Migrants escape vicious tug-of-war in European trek
SZENTGOTTHARD, Hungary -- Thousands of migrants flooded into Austria on Saturday after days of being shuttled from one country to another or seeing their paths into Western Europe blocked by border guards with dogs, razor-wire fences, barricaded bridges or riot police.
Austrian police said some 6,700 people traveled to the central European country from Hungary after being trapped Friday in a vicious tug-of-war as bickering European governments rapidly shut down border crossings or erected new fences to cut down the torrent of asylum-seekers.
Pain and uncertainty drained from the face of Adeeb Jaafri, a theater student from Damascus, as he crossed into Heiligenkreuz in Austria.
"Right now, I feel like I've been born anew. Now I don't even see these long queues in front of me," he said. "It makes no difference to me whether I am delayed whether I stay here two days. The important thing is that I've finally arrived. And that I am now finally safe."
Others raised their arms in joy as they crossed the border, a milestone in their epic journey to safety. But the journey was chaotic, and reports emerged of families being separated as they fought for space on buses.
On the Hungarian side of the Austrian border, Hala Khatib of Damascus and her three daughters wept uncontrollably.
"I want to go to Germany. My husband is in Germany. I've come here all alone to this country. Please let me go," she sobbed. "I am exhausted. Me and my children, we're exhausted."
As CBS News senior foreign correspondent Mark Phillips reports on the border with Hungary, any lurch forward is good news to the refugees, whose fits-and-starts trek has been going on for weeks.
Mahmud's family of 17 from Damascus has been walking for two weeks.
"Really, we are so happy; maybe the tired two weeks maybe finished now," Mahmud told Phillips. "... We have children. We have kids."
Tens of thousands more are expected as people fleeing conflict and poverty in the Middle East, Africa and Asia cross the seas from Turkey to Greece and head north through Macedonia, Serbia and Hungary. On Saturday, the Greek coast guard said a 5-year-old girl found in the sea off the island of Lesbos died after the boat she traveled on sank, and 14 others were missing.

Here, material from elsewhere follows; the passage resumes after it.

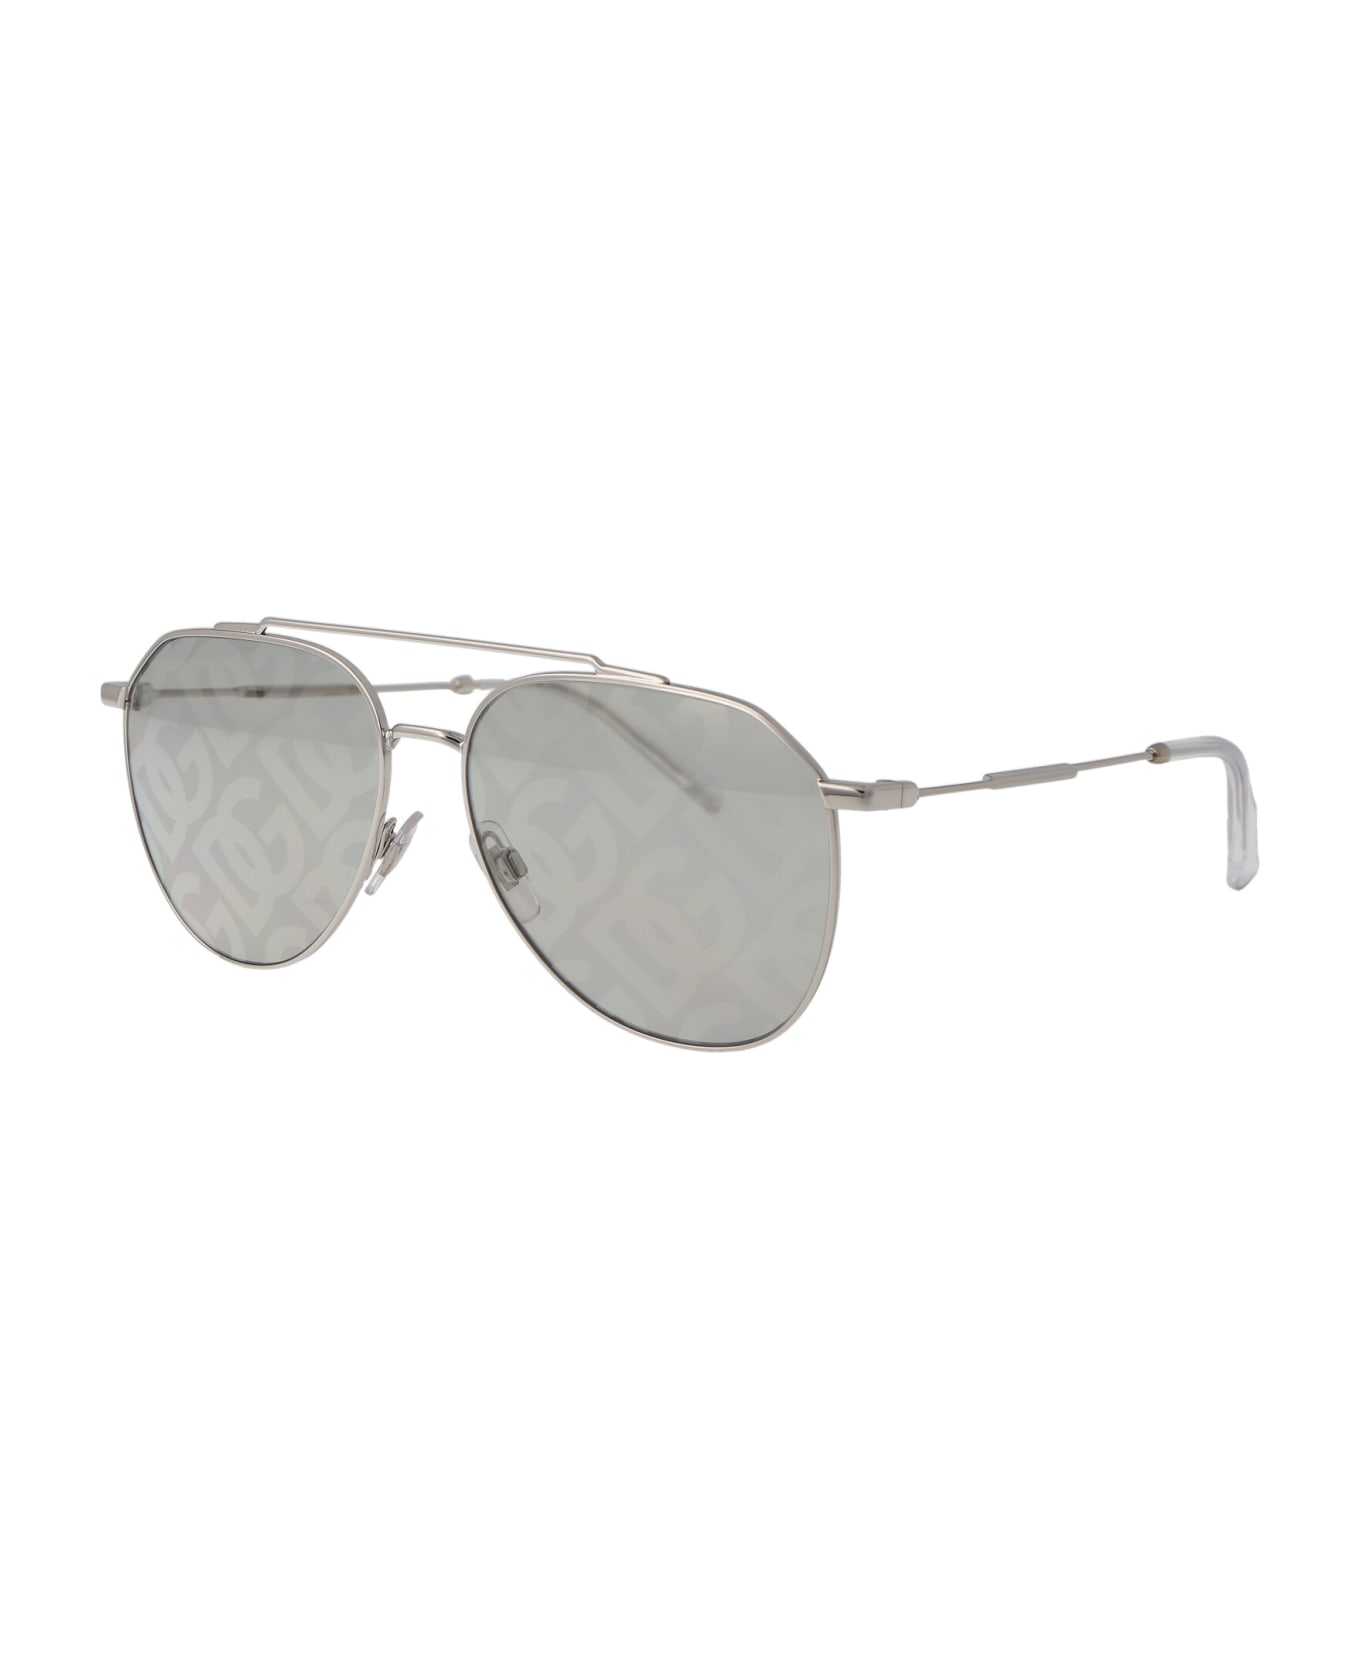 Dolce & Gabbana Eyewear 0dg2296 Sunglasses - 05/AL Silver

The normal routes north into Western Europe have all but disintegrated this week.
Asylum-seekers who had headed into Croatia after being beaten back by tear gas and water cannons on the Hungarian-Serbian border this week found themselves being returned on buses or trains back to Serbia or Hungary after Croatia declared it could not handle 20,700 people who have arrived since Wednesday. Those who went from Croatia to Slovenia, seeking another way into Austria, faced blocked bridges and determined Slovenian riot police.
Some nominal cooperation emerged Saturday as Croatia bused people to Hungary, who bused them to Austria.

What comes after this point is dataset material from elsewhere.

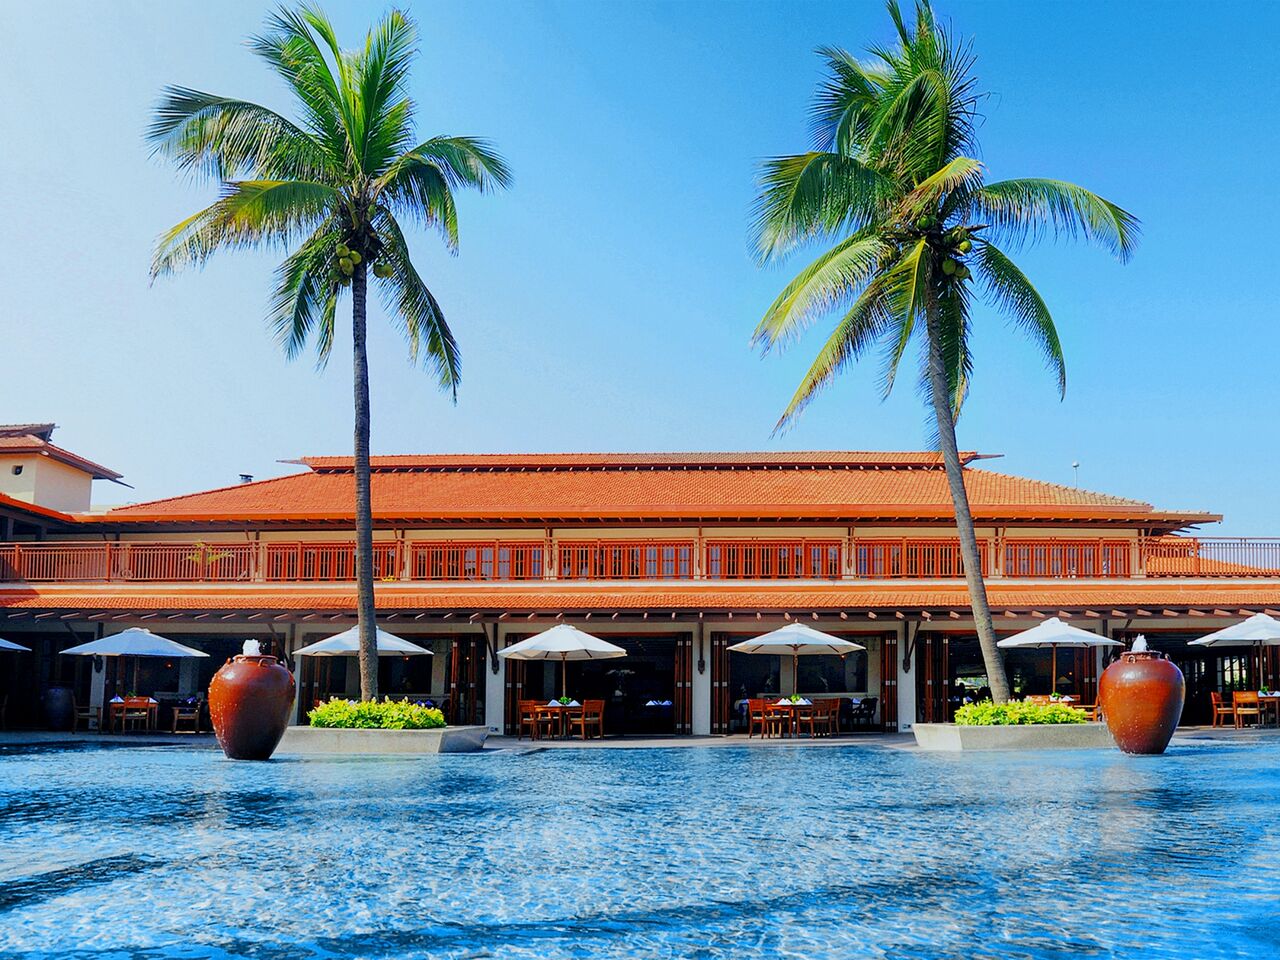 furama resort danang named winner at 2017 world luxury hotel awards

Hungary's military, meanwhile, announced it was calling up 500 army reservists to further reinforce its borders.
Though sympathetic to their plight, Croatian President Kolinda Grabar Kitarovic demanded that the European Union step forward and take responsibility for the people in transit through this country of 4.2 million.
"We're flooded, local communities are flooded, the numbers of refugees in some areas is far greater (than) the number of local residents," she told The Associated Press. "So we need to control, we need to stop the flow, we need to get reassurances from European Union about what happens to these people who are already in Croatia."
Mindful that hundreds of migrants were walking through Croatian cornfields and forests to cross her country, Kitarovic stressed that further measures would be taken to secure Croatia's borders. She also warned of the dangers of mines leftover from the country's 1991-95 war.
"I will advise highly anyone to use official crossings. But we have to take further measures to insure stability on the border, and that there are no breaches through the cornfields, or forests or any other areas," she said.
The thousands seeking sanctuary as borders close around them are camping in the open, sleeping on streets, exposed to heat in the day and cold in the night.
Police in Slovenia say more than 1,000 migrants have entered the country, but hundreds more are waiting at the border as they let in only limited numbers. As temperatures dipped overnight, hundreds of migrants at the Obrezje crossing set up tents, camping out without food or water.
Ammar Jessem, 24, a dentist from Baghdad, said the migrants had heard the border was open and were disappointed after walking through Croatia to find it wasn't.
"We don't want to stay here. We want to go to Austria. From Austria, we go everywhere," he said.
European Union enlargement commissioner Johannes Hahn on Saturday proposed giving 1 billion euros ($1.1 billion) to Turkey to deal with the migrant crisis. He spoke after touring a refugee camp in Gevgelija, on Macedonia's southern border with Greece, where about 5,000 migrants are passing through daily.
At the camp, Mustafa Alrufay, 26, from Iraq, told the AP he left to escape the bloodshed in his country. Alrufay was determined to get to Western Europe but completely flummoxed now as to how.
"I have no idea where this journey will bring me, because I do not know which border after Serbia will be open," he said. "I also have no idea in which country I'll be accepted and find secure shelter to live and work."